Corpora … It
is a strange word that sounds a little bit scary for me because (I don’t know
why) it associates with Umbrella Corporation from “Residence Evil”. Well, it
doesn’t matter really. What’s important here is that corpora can help you a
great deal with academic writing. How? Let’s see.
A corpus
(pl. corpora) is a large electronic collection of texts which can specialize in
a specific language (Corpus of Contemporary
American English), certain dialect (Scottish Corpus of Texts & Speech),
separate industry (Corpus
of American Soap Operas), etc. So what? How can it exactly help you?
Let’s
imagine that you are writing an essay for an American student and you are not
sure whether you should use the word “offense”

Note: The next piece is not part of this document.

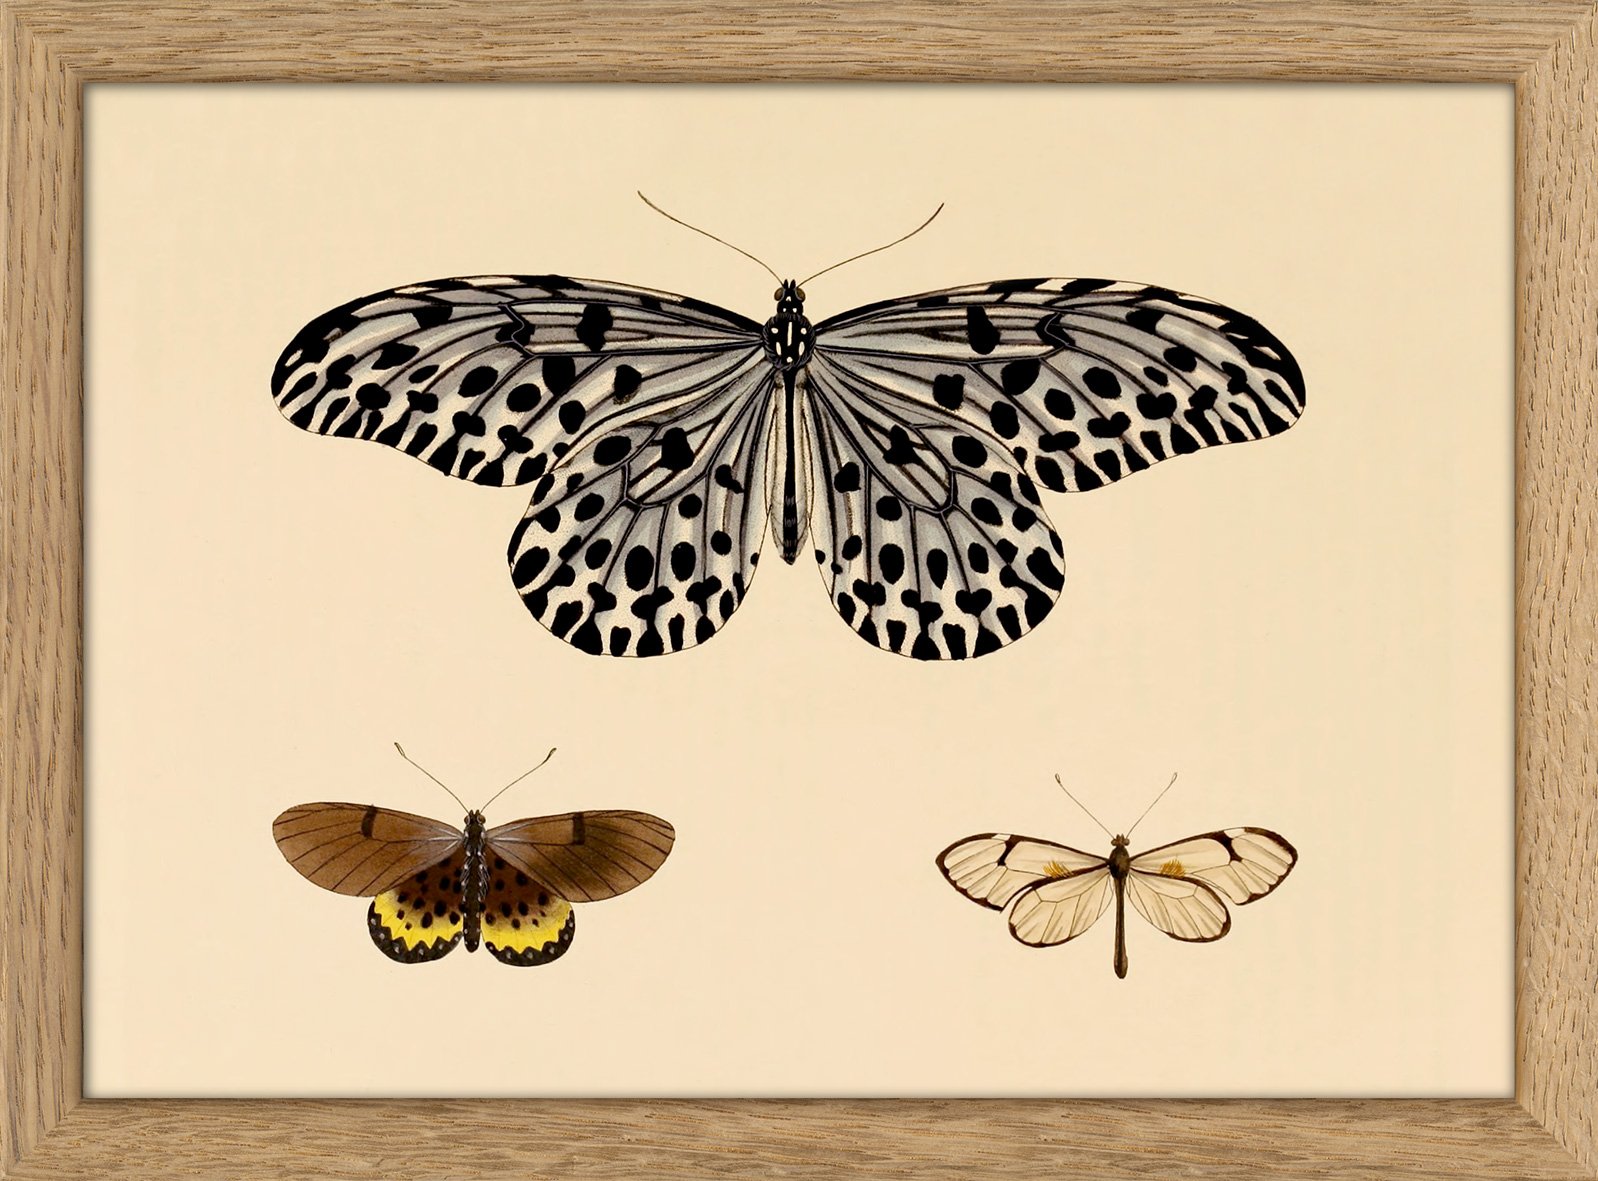 The Dybdahl Co. Soul Shaped Insects Print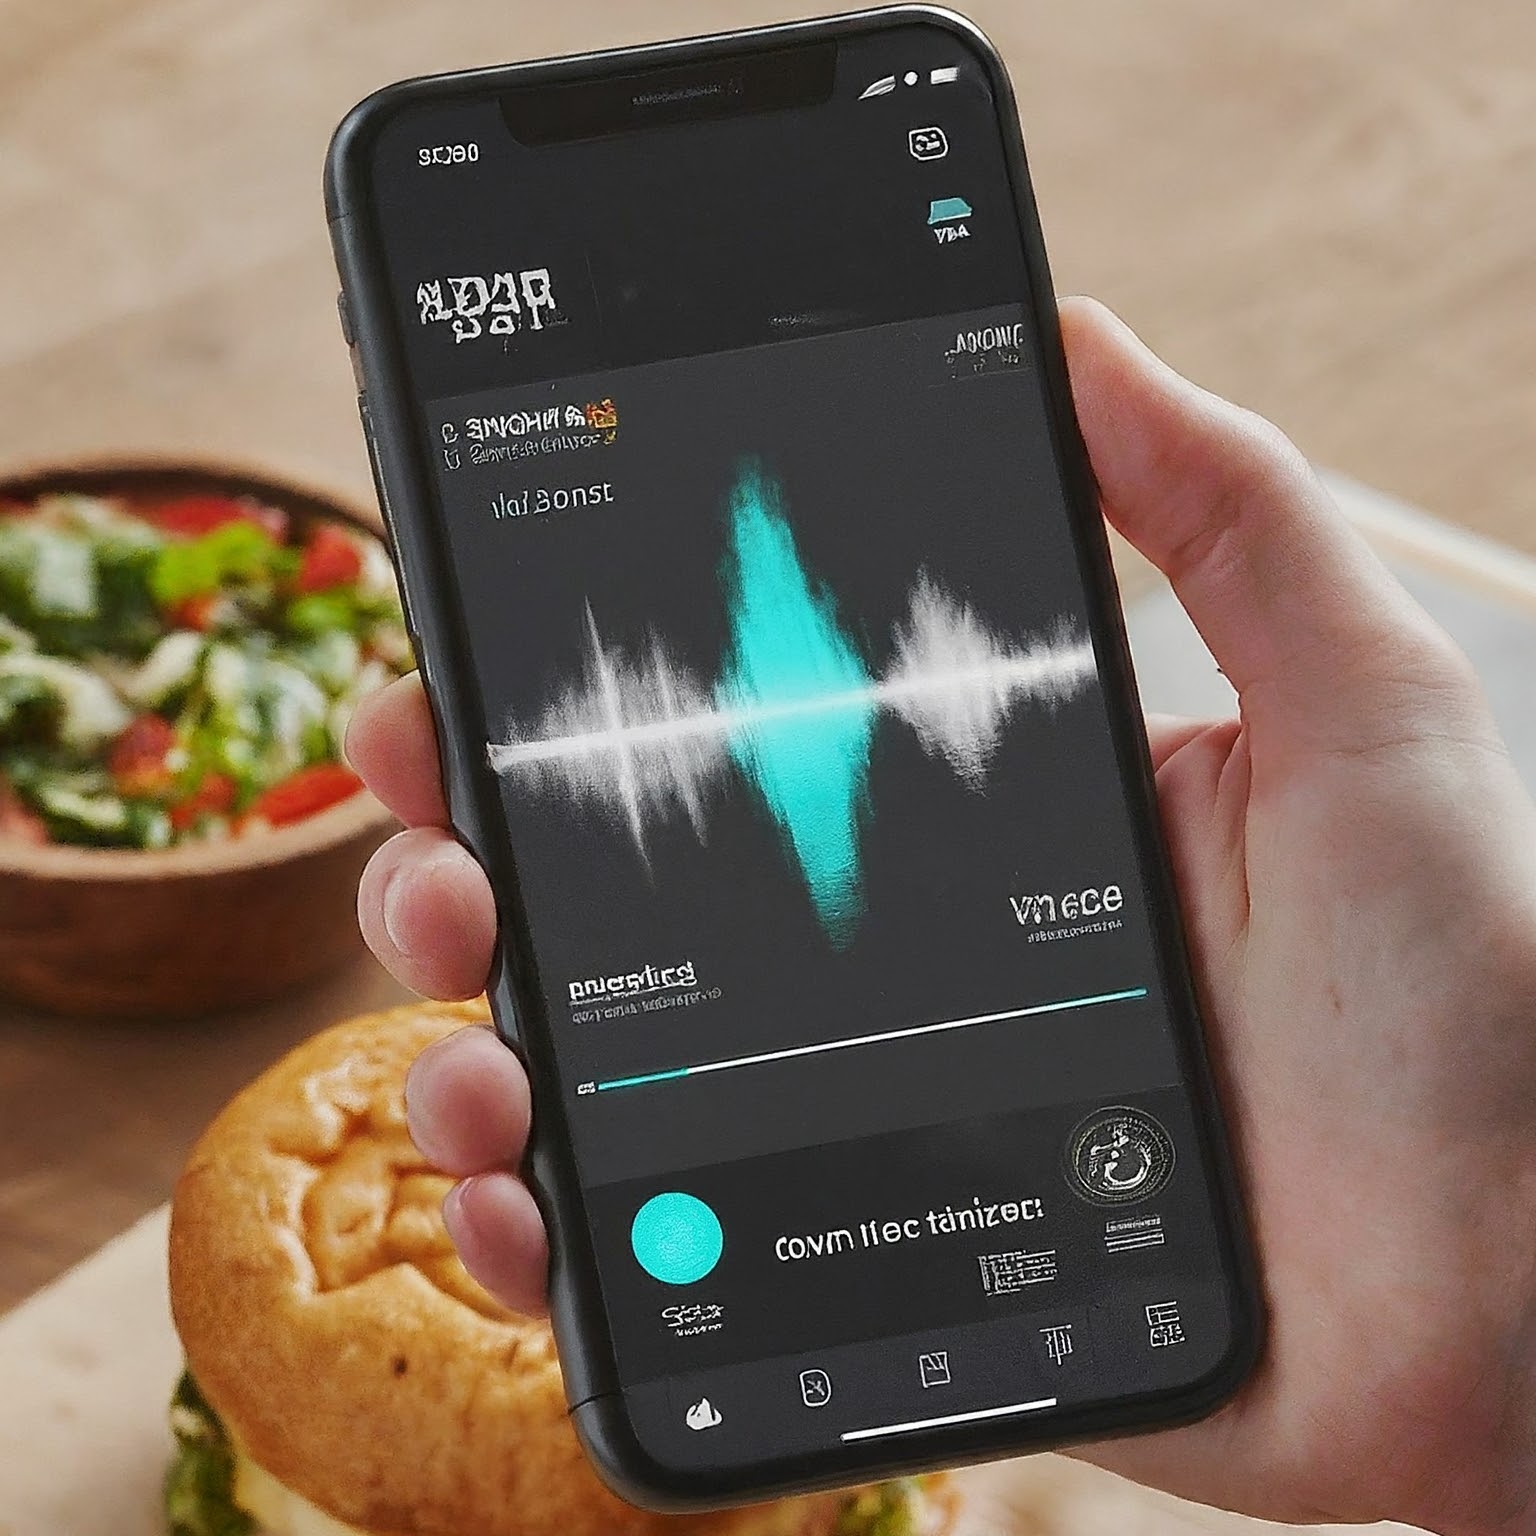 SoundHound's Big Bite: AI Voice Ordering Now on the Menu - Revolutionizing the Restaurant Experience

or “offence”. So, you go to
the Corpus of Contemporary American
English and here is what you see:
You need
to:
- Press enter;
- Type the word “offense” into the search bar;
You will
see that the word “offense”
has 13634 occurrences and if you want to see it in the context, you just need
to click this word.
- Type the word “offence” into the search bar;
You see
that it has only 289 occurrences and it gives you the evidence that “offense” is more common in American
English. To compare the results you may also examine the same words in the British National Corpus.
Overall,
corpora can be used to check which prepositions are used with this or that word
or how some certain phrase is applied in the context. This way or another,
corpora are irreplaceable tools in academic writing once you learn their value.